Emergency Infant Services
- Founded: January 1, 1977
- Founder: Linda Watts
- Type: Non-governmental organization
- Focus: Humanitarian
- Location: Tulsa, Oklahoma;
- Region served: Regional
- Method: Aid
- Revenue: US$ $1,634,437 (2011)
- Endowment: US$ $271,663.62 from the Tulsa Community Foundation
- Employees: 11
- Volunteers: 900

= Emergency Infant Services =

Emergency Infant Services (EIS) is a nonprofit organization based in Tulsa, Oklahoma, focused on meeting the basic human needs of infants and children under five years old.

==History==
Emergency Infant Services was founded on January 1, 1977, by Linda Watts in the balcony of the Second Presbyterian Church in Tulsa, Oklahoma. Noticing how unexpected circumstances made it temporarily impossible for families to make ends meet, she decided it was time to lend a helping hand. The goal from the beginning has always been to help prevent families from falling further into a poverty cycle by helping with their immediate needs such as formula, diapers, food, wipes, clothing, and car seats. Currently, over half of the EIS' clients use the services provided only once a year, showing the agency is indeed helping them in a time of extenuating difficult circumstances. It was not until 2012 that EIS recognized it was time to expand its services to a second location and opened a new location on the East Side of Tulsa. By 2017, it was serving 30% of the total number of children being served each year. With that success, it was decided to open a satellite location with diapers and formula at the South Tulsa Community Center and a second one at the Dream Center. Combined, those two locations serve nearly 400 children each year. EIS has made it a mission to find partners in the Tulsa community to help support some of the long-term services clients need in addition to the short-term. The Blue Cross Blue Shield of Oklahoma provides free immunizations and other health services to families. Along with the Blue Cross Blue Shield, the Oklahoma Health Department and the Parent Child Center have also partnered with EIS to provide additional services to the community at large.

==Activities==
EIS is a Tulsa charity that provides emergency support for families with children aged less than six years of age and are in crises or emergency situations, including unemployment or under-employment, illness or injury, spousal and/or child abandonment, and home losses due to natural disasters such as tornadoes, floods, or fires.

Eighty-five percent of those who use EIS’ services are the working poor: people struggling to make ends meet and occasionally needing "a hand up".

To provide immediate access for needy parents, EIS does not require appointments, income qualification, or complex paperwork to be filled out.

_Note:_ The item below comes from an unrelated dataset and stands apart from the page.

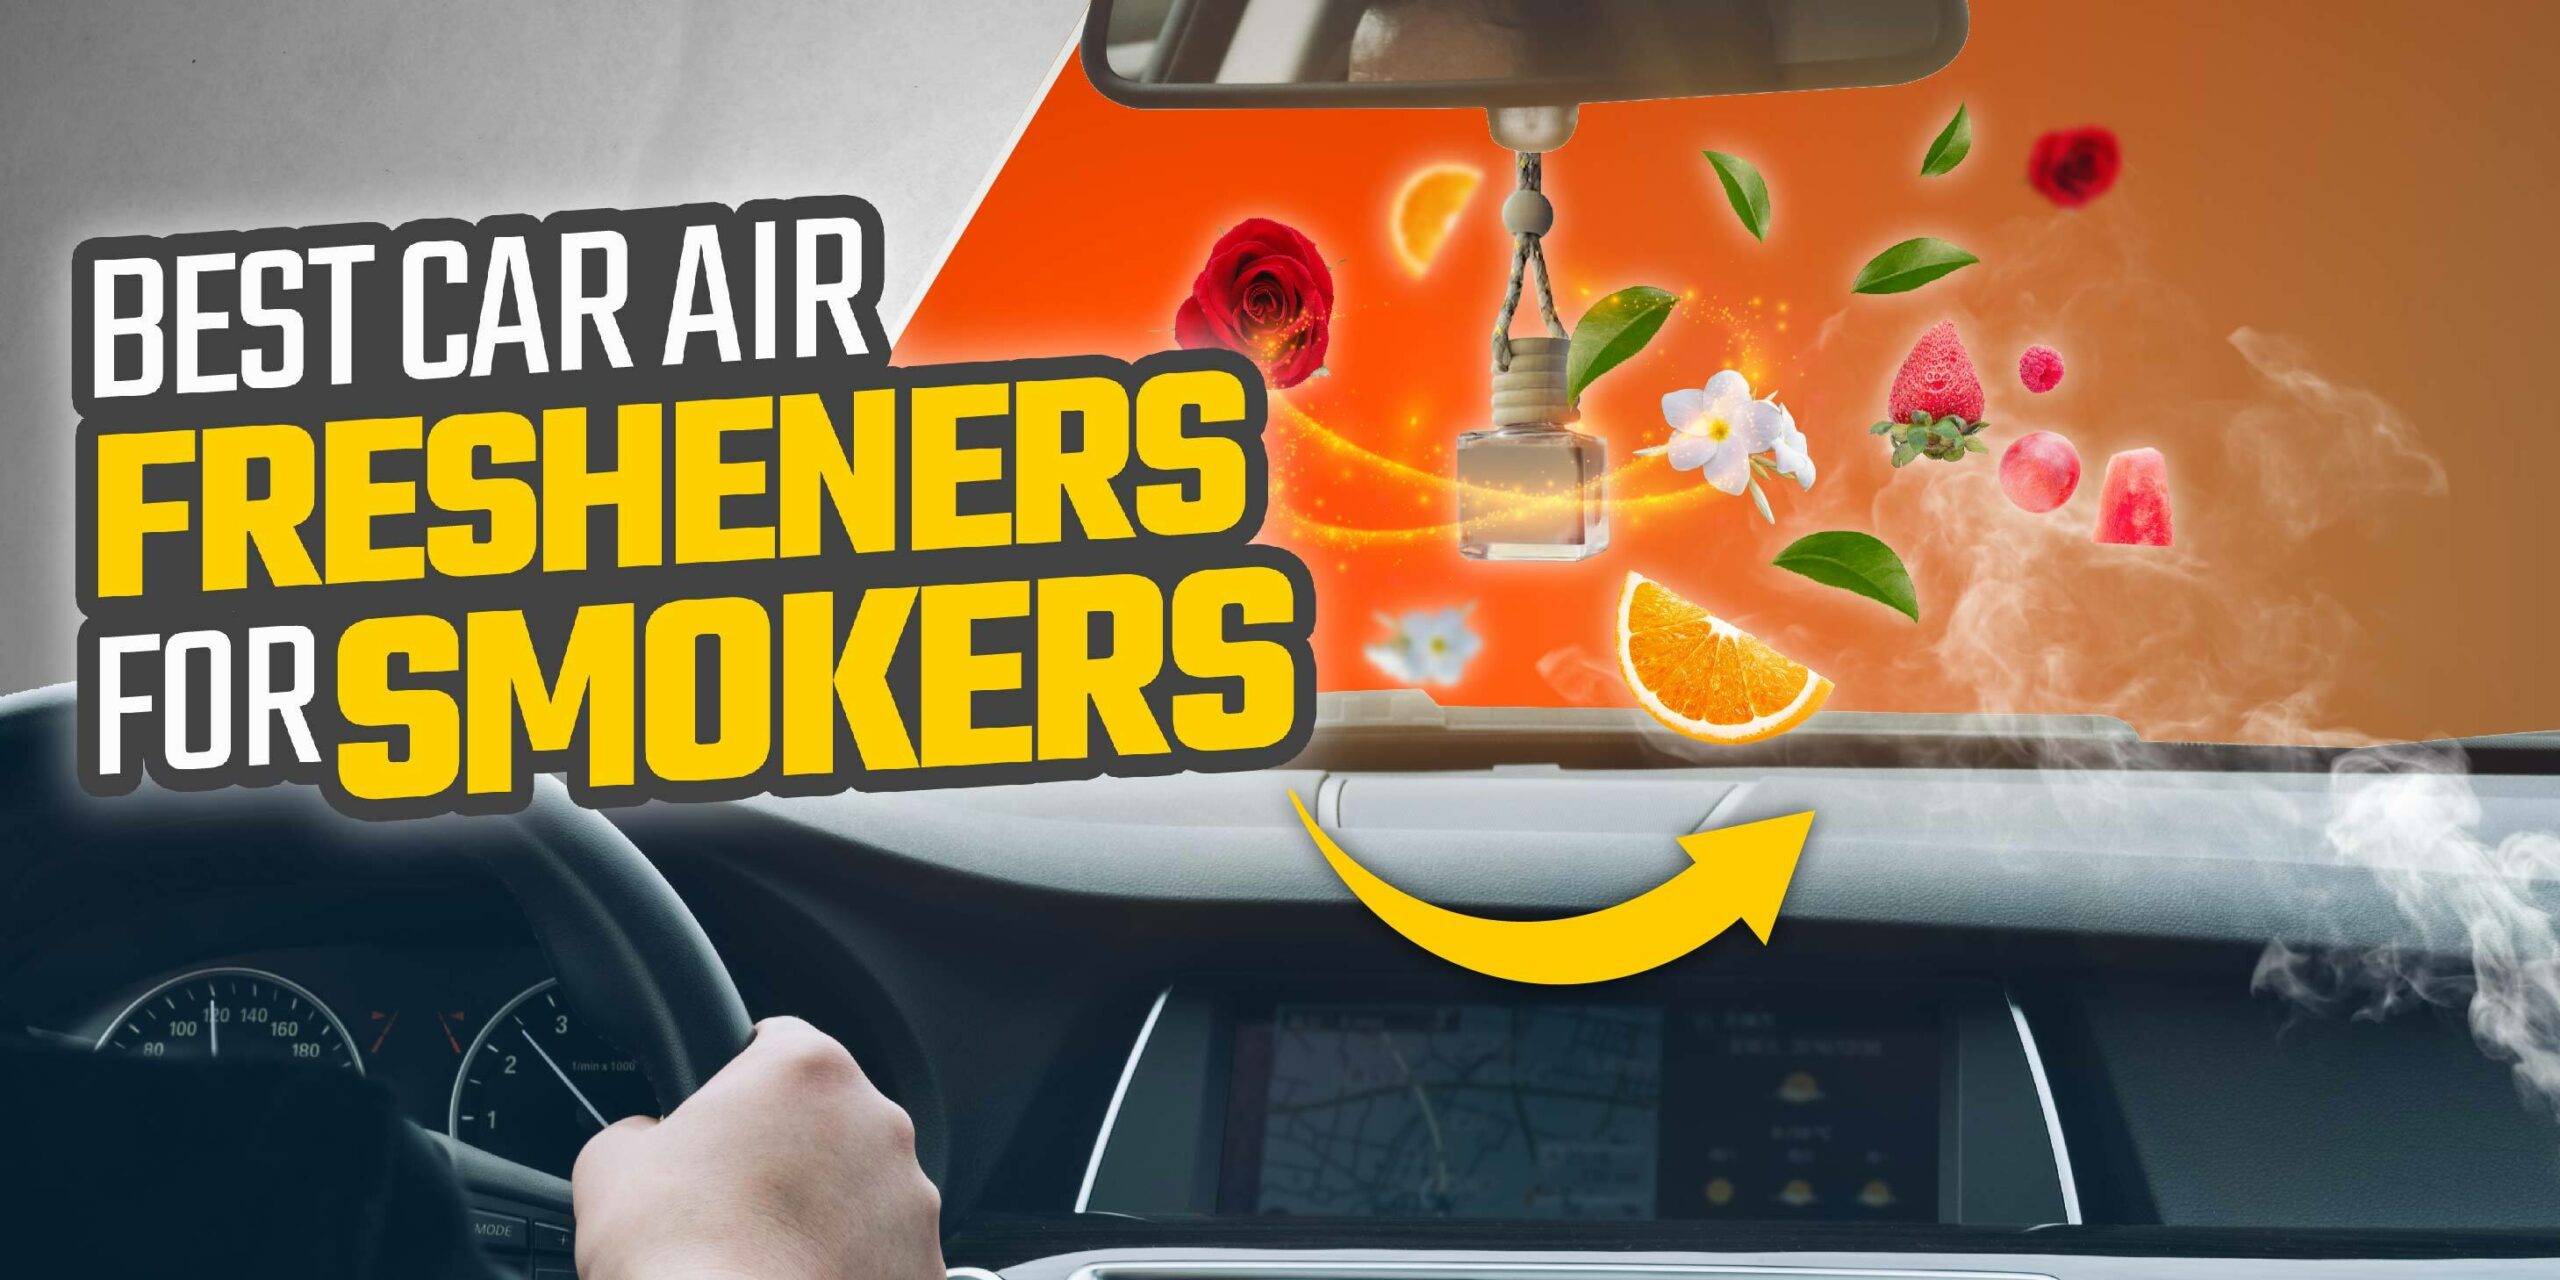 Best Car Air Fresheners For Smokers

Immediate and free services are provided for diapers & pull-ups, infant formula, children's & maternity clothing, medications, hygiene items, linens, cribs, and child safety seats. EIS also functions as a Tulsa food pantry for baby foods and toddler foods.

EIS assisted with the creation of infant crisis services in Oklahoma City, Oklahoma, Ft. Worth, Texas, and Houston, Texas. The Tulsa location assists over 1000 infants and toddlers each month.

Over 900 volunteers in Tulsa support EIS. In 2011, EIS provided food, clothing, medical assistance, furniture, car seats, and social services to over 8,235 families with 13,723 infant children.

Fundraising consists of an endowment from the Tulsa Community Foundation, and fundraisers including "$35,000 in 35 days".

In 2016–2017, EIS served 10,075 families consisting of 18,805 children providing 690,545 diapers as well as 305,160 bottles of formula.

==Awards==
===Oklahoma non-profit Excellence Awards===
Emergency Infant Services was a 2012 finalist for the Oklahoma non-profit Excellence Awards, sponsored by the Oklahoma Center for Non-Profits, a nonprofit organization equipping and strengthening the Oklahoma nonprofit sector through training, consulting, advocacy, membership, networking, and awards.

===Champion of children's health===
Emergency Infant Services was a 2011 finalist for Champion of Children's Health, sponsored by the Champions of Health organization, a program that "celebrates people and organizations that are making a positive impact on the health of Oklahoma citizens through innovative programs."

In 2012, Emergency Infant Services won the Champion of Children's Health award.